Monday, October 30, 2006

Publicity Terror Tale #2

From an independent publicist, who notes, "I have too many of these stories in the past few years":

On the morning of BEA's opening day, I'm standing in the office of a producer at NPR in Washington, whom I know quite well. Also in the office is a client. He had been in Washington a couple weeks earlier and I had set up a lunch meeting with him and the producer. Although his book wasn't going to be featured on NPR, he was; he'd written an offbeat essay that worked perfectly as a weekend feature. So while he can't plug his book, per se, he still gets on the national airwaves.

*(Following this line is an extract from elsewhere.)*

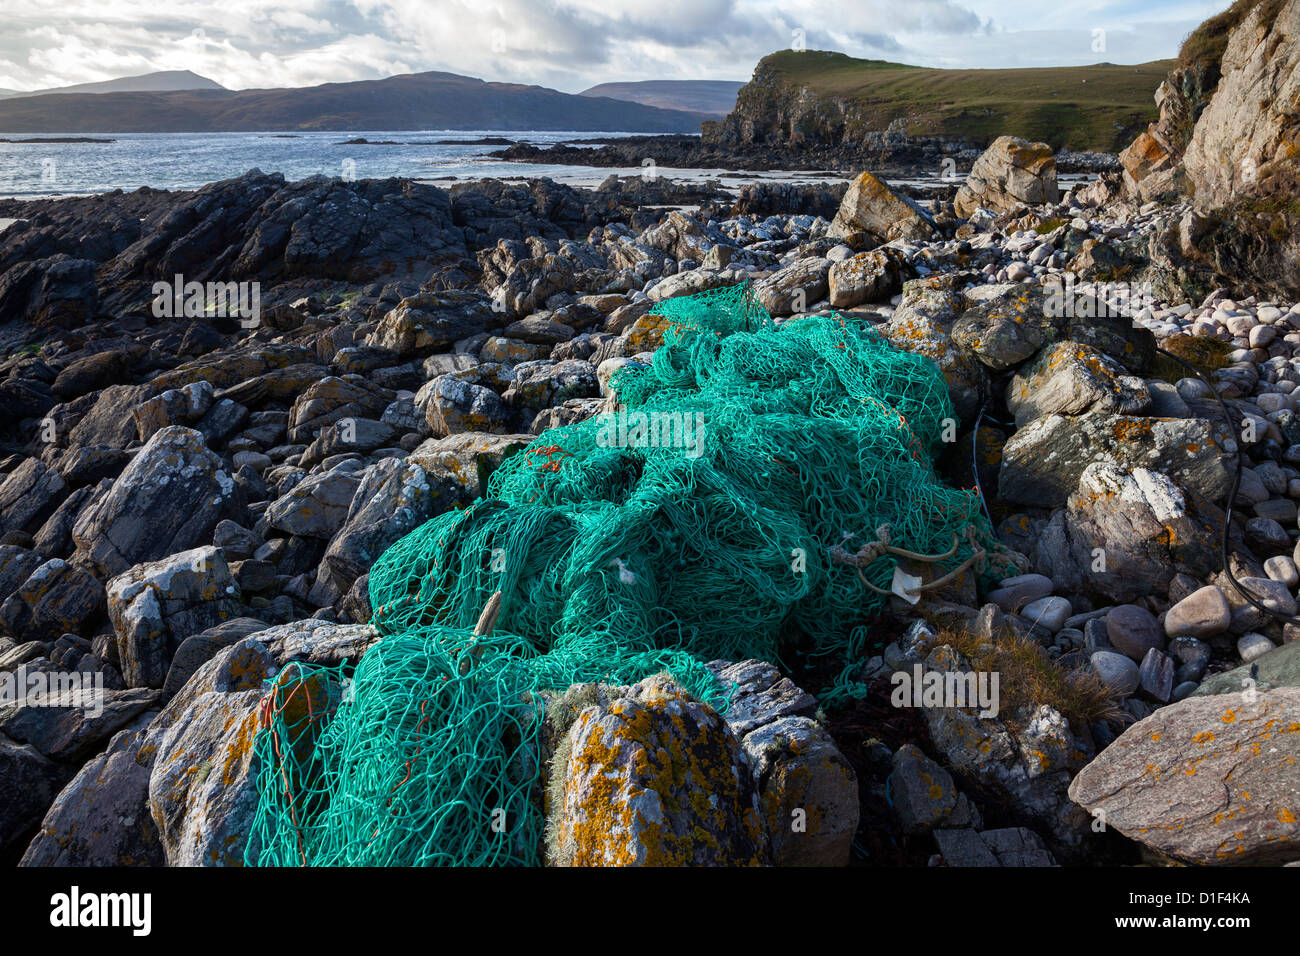 Green Fishing Net Washed up on the Beach of Balnakeil Bay with the

So there we all are: He's all wound up and ready to tape his piece, and I'm standing there complaining that I wasn't really excited about BEA, and how I'd have to be perky and upbeat and get in there and sell myself--and I just wasn't looking forward to it.

Author pipes up and says: "Maybe you don't have the right personality for this job."

The producer and I stare at each other. I was so taken aback, I can't quite remember if I said what I was thinking: If I didn't have the right personality for the job, you wouldn't be standing here in this office, you jerk.

The producer says something about how she'd rather hear from me than most people from the houses in New York, and she walks me down the stairs to the door.

I say to her, "I can't believe he said that." She says, "Yes, his arrogance knows no bounds."

And I have never spoken to him since.

9 comments:

Anonymous said...

Okay, he does sound like a jerk, but was it really that professional to complain about your job in front of a client? Just askin'.

Anonymous said...

Yeah, totally agreed. Instead of being mad about his comment, she should probably have been shamed by her client calling her out on her unprofessionalism.

Anonymous said...

Complaining about the cluster fuck of BEA isn't exactly an uncommon thing. It's professional to complain about BEA.

Anonymous said...

If I hired a publicist to present me to the press and the publicist complained to the press about HER JOB IN FRONT OF ME, I would fire the publicist. Did your client even know you were friends with the producer? Regardless, your job is to be perky and positive,not utterly tactless, so perhaps you don't have the right personality for this work.

Maybe you're the horror story.

Anonymous said...

Agreed. He's trying to psyche himself up for an interview, and you're bringing him down. I'd have snapped too.

Eric Riback said...

Oh, please, people. As anon #3 said, it's BEA she was talking about fergodsake. Yes, it probably would have been best not to share something personal in front of the client, but as the publicist says, the fact that she got the author placed at NPR maybe, just perhaps, possibly, proves she can do the job. What mister high'n'mighty doesn't appreciate is that for many of us in sales and p.r., being outgoing and "perky" all the time is a strain -- that doesn't mean we don't like our jobs or aren't good at them. The authors only have to be outgoing from a few minutes (brief interview) to an hour or so (signing) at a time. Try going from 9-6 and then all evening in many cases for three or four straight days. There is fun in there, but it is terribly draining.

Anonymous said...

1. The NPR gig was not a huge coup. NPR is very efficient about their slush pile; it's just not that hard to get good, relevant writing accepted.

2. If I'm paying someone to represent me, that someone had better be on game -- not complaining in my face about the job I'm paying her to do.

3. I do PR too; I get paid to be friendly and polite. If I did that in front of a client, how long do you think my boss would keep signing my paycheck?

4. Her bad, not the author's.

Bella Stander said...

I find it fascinating that of all the horror stories I posted, this one has elicited by far the most comments--and overwhelmingly negative ones at that. Also that everyone assumed the publicist is female.

Perhaps the NPR gig wasn't a huge coup, but it was a coup all the same. There are many creators of "good, relevant writing" whose work doesn't get accepted for broadcast--sometimes due to the writer's performance rather than the writing. This author not only skipped the slush pile, he got to sit down to lunch with the producer. That's no mean feat.

The publicist was complaining about selling himself, not the author, at BEA. The book was already out, so the pub wouldn't have been repping him at BEA anyway.

And if the pub had the wrong personality for the job, he wouldn't be getting NPR slots and other media coverage for his clients, which he does on a regular basis.

Anonymous said...

I still don't see the horror here.
"Maybe you don't have the right personality" doesn't always mean "you're bad at your job." It could also mean "Maybe your job is making you unhappy" and given the information that author had, it's not such an unreasonable thing to say.
Should I ever be lucky enough to get a publicist, I'm going to be afraid to say anything at all, for fear he/she might take offense!